● **What this task involves**
Take the line that contains "De Villiers says" and each line after it to the end of the material below, and return them exactly, minus the pictures.

● **Input data**
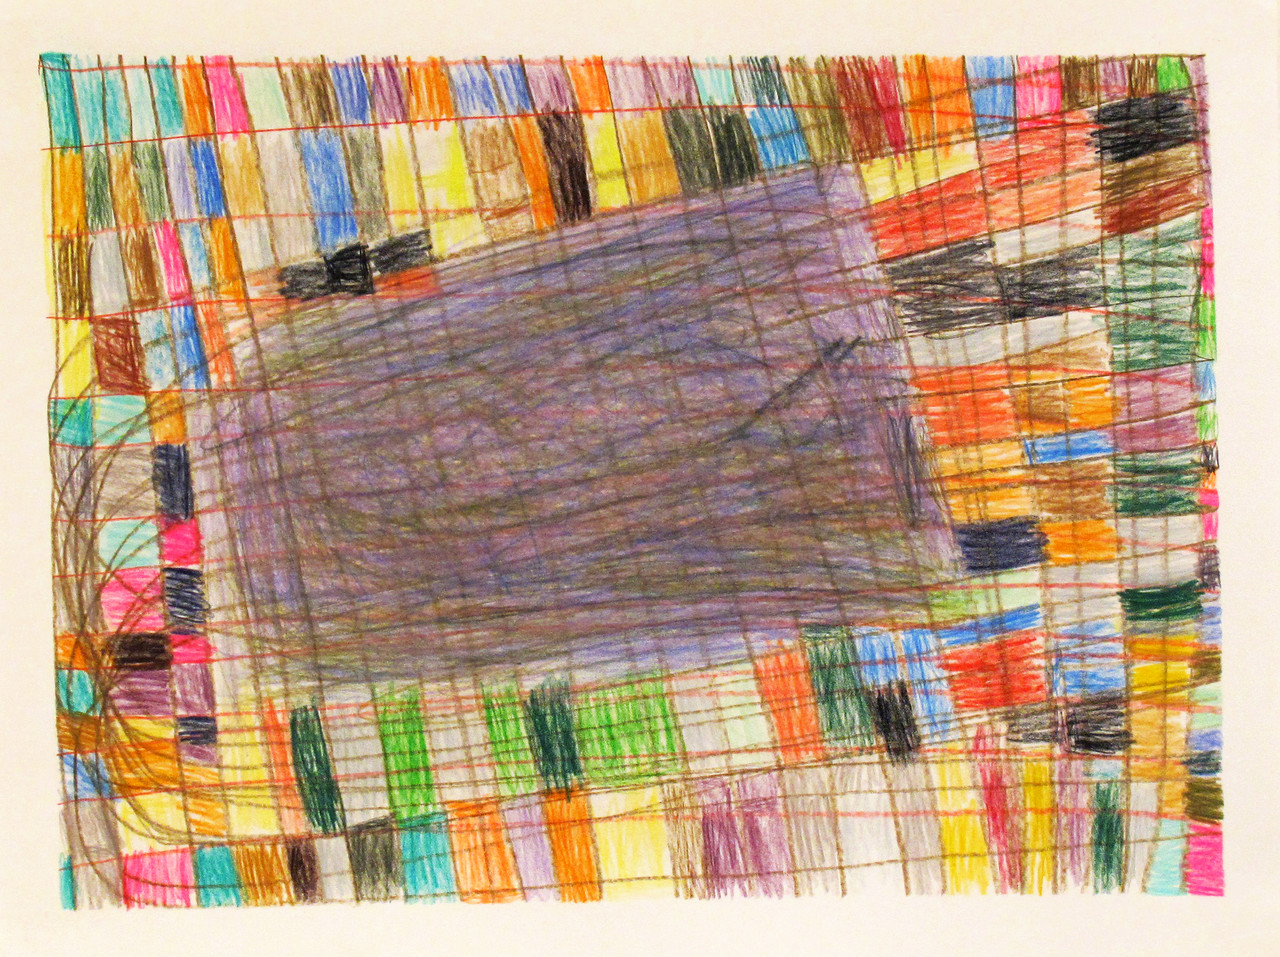 Untitled, 1988, Colored pencil and graphite on paper, 38.7 x 47 cm, BS 010
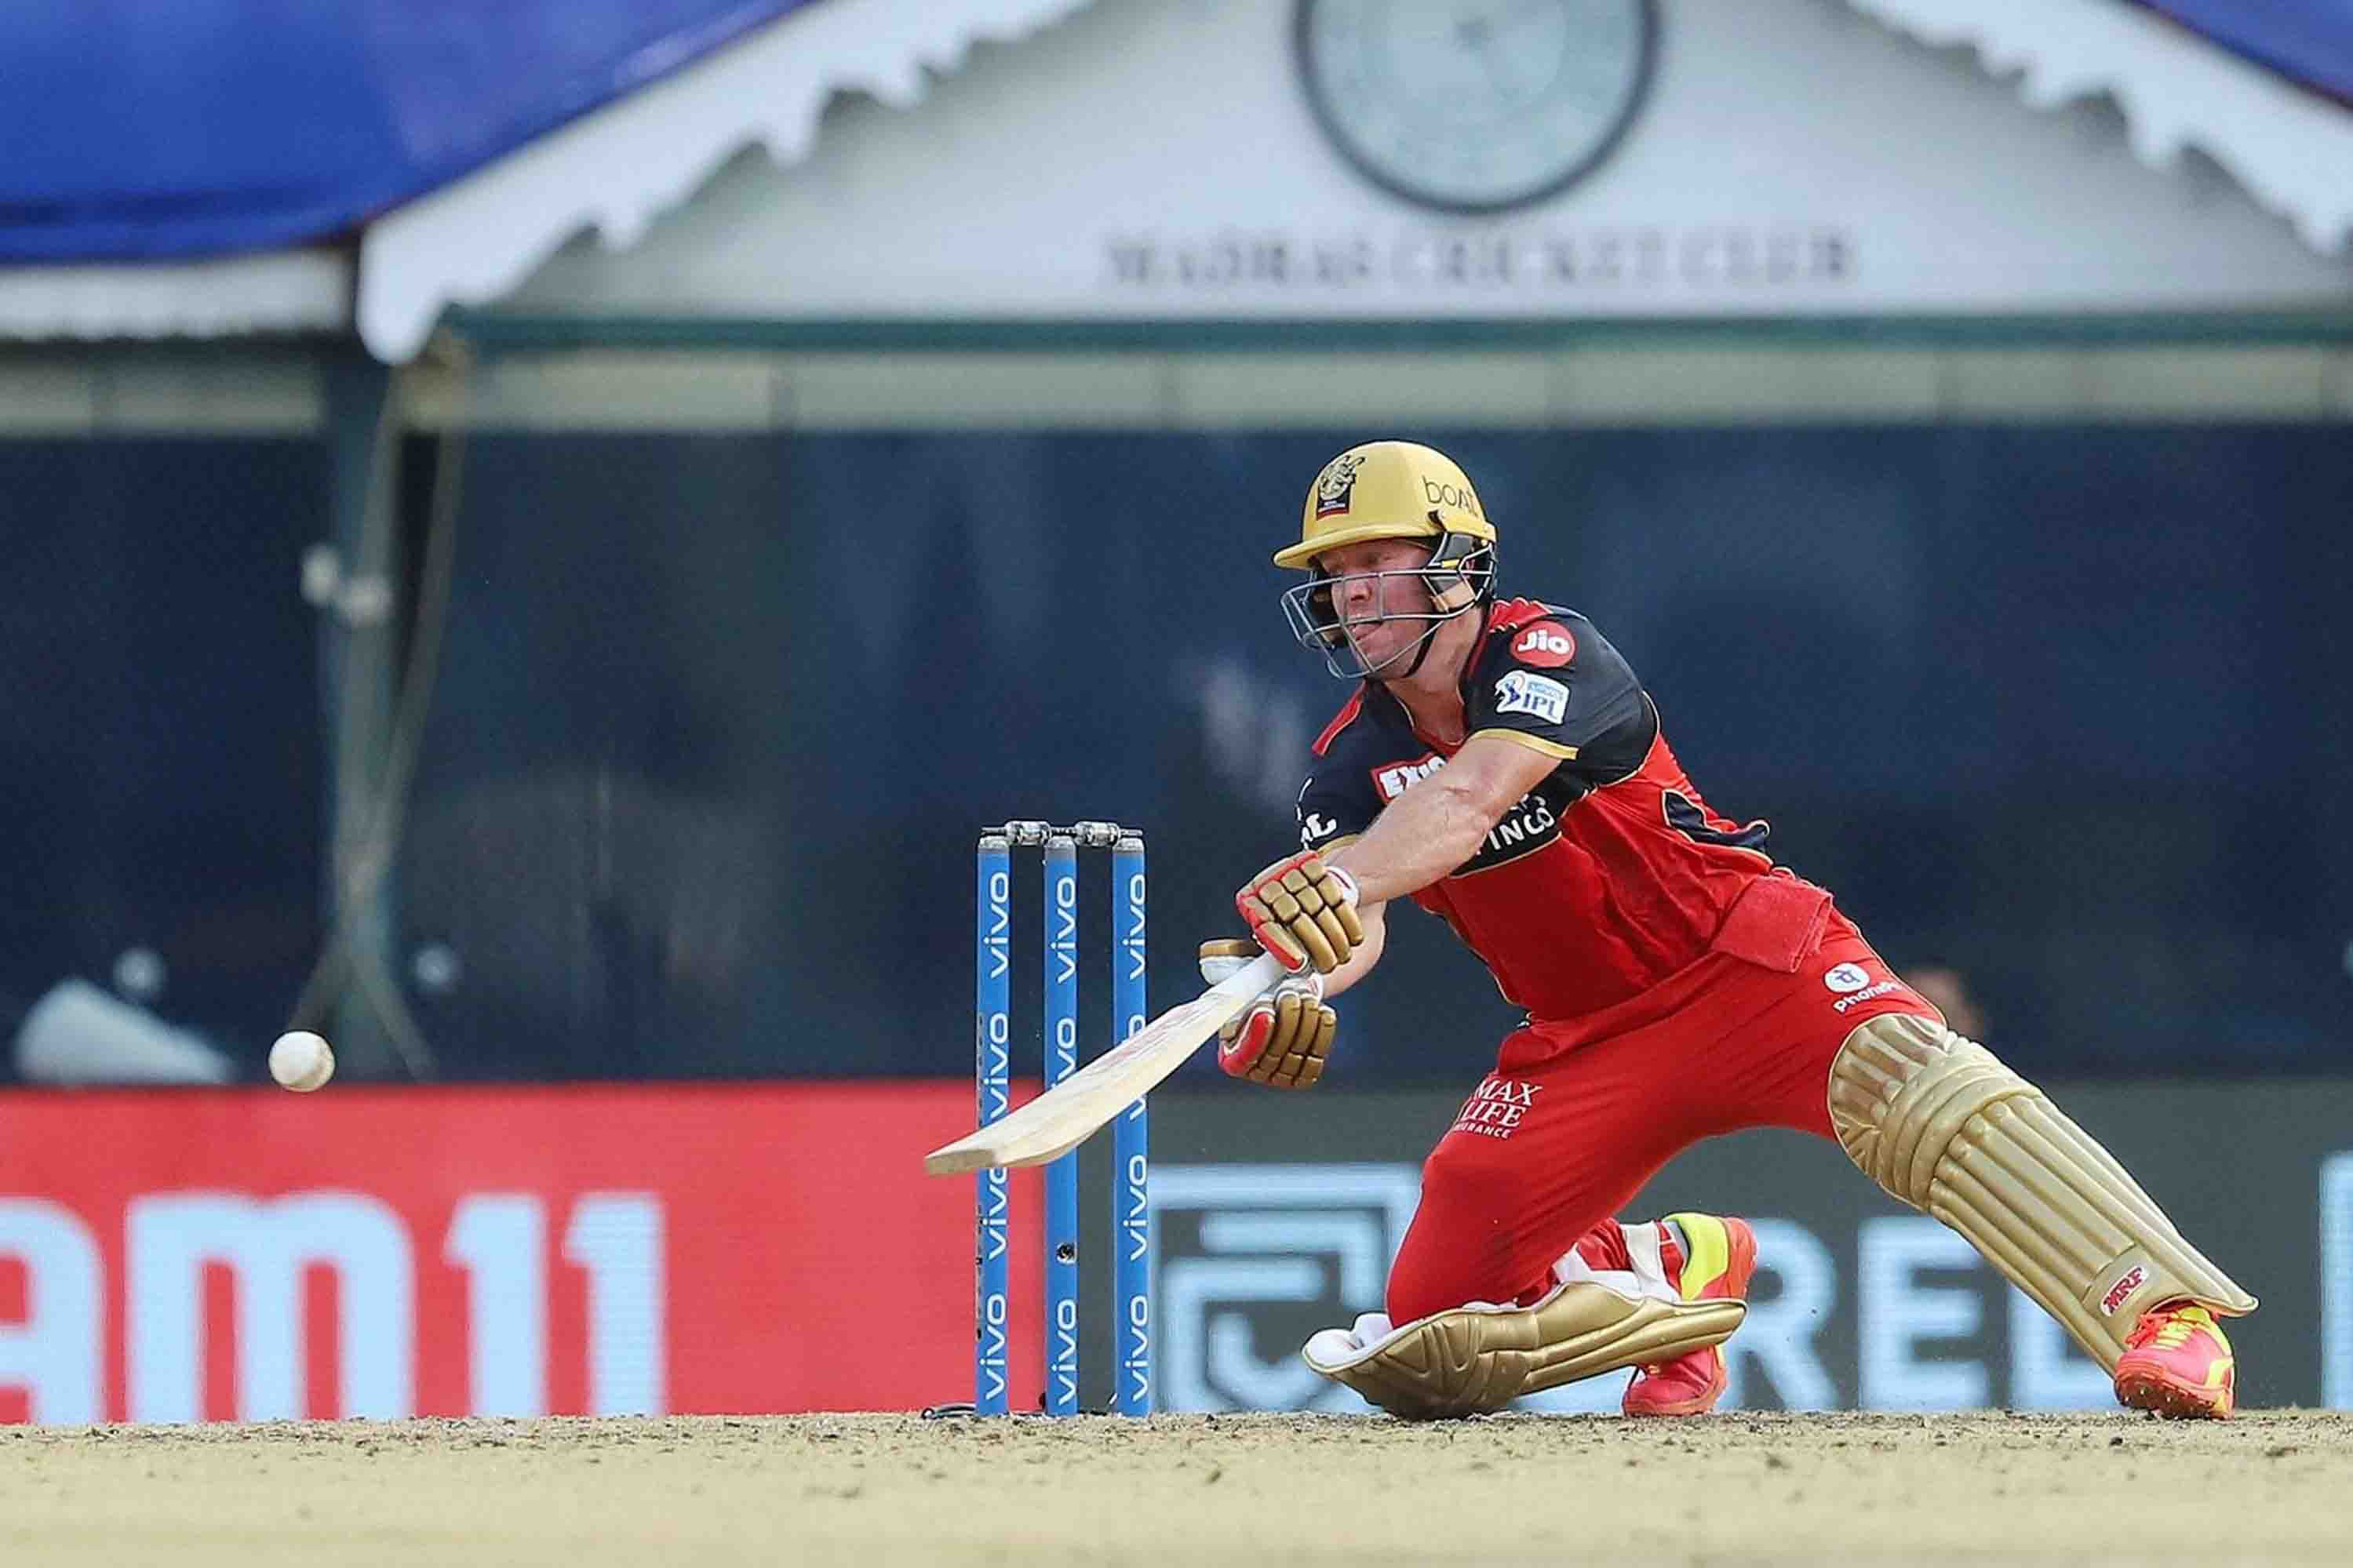 De Villiers says it will be "fantastic" to play for South Africa again
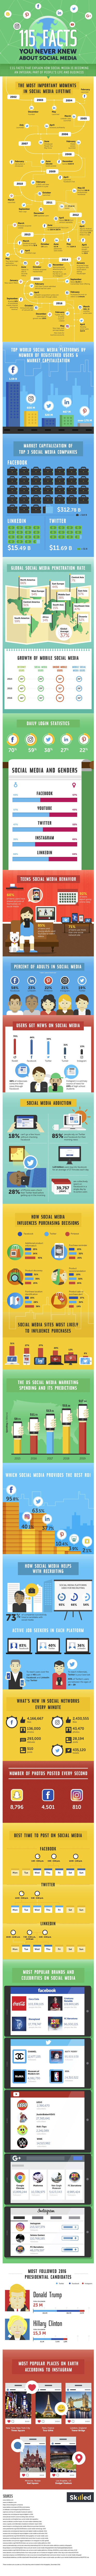 Social Media Facts Infographic
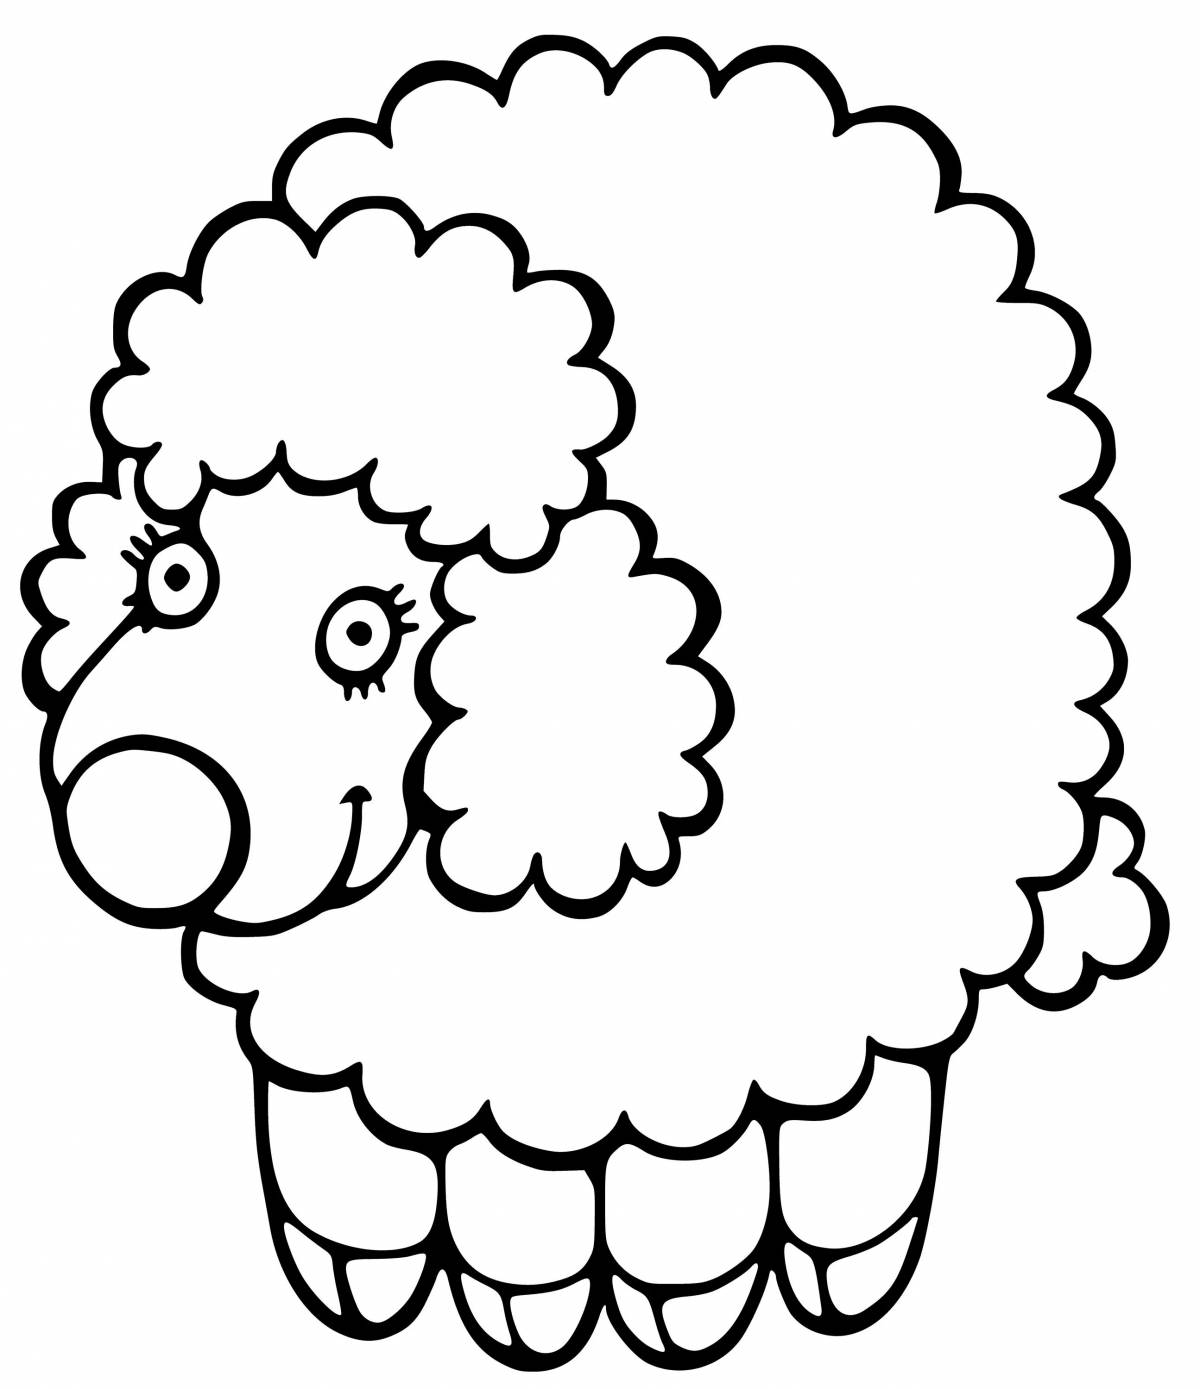 Naughty sheep coloring book for children 2-3 years old

● **Written answer**
 De Villiers says it will be "fantastic" to play for South Africa again
 Social Media Facts Infographic
 Naughty sheep coloring book for children 2-3 years old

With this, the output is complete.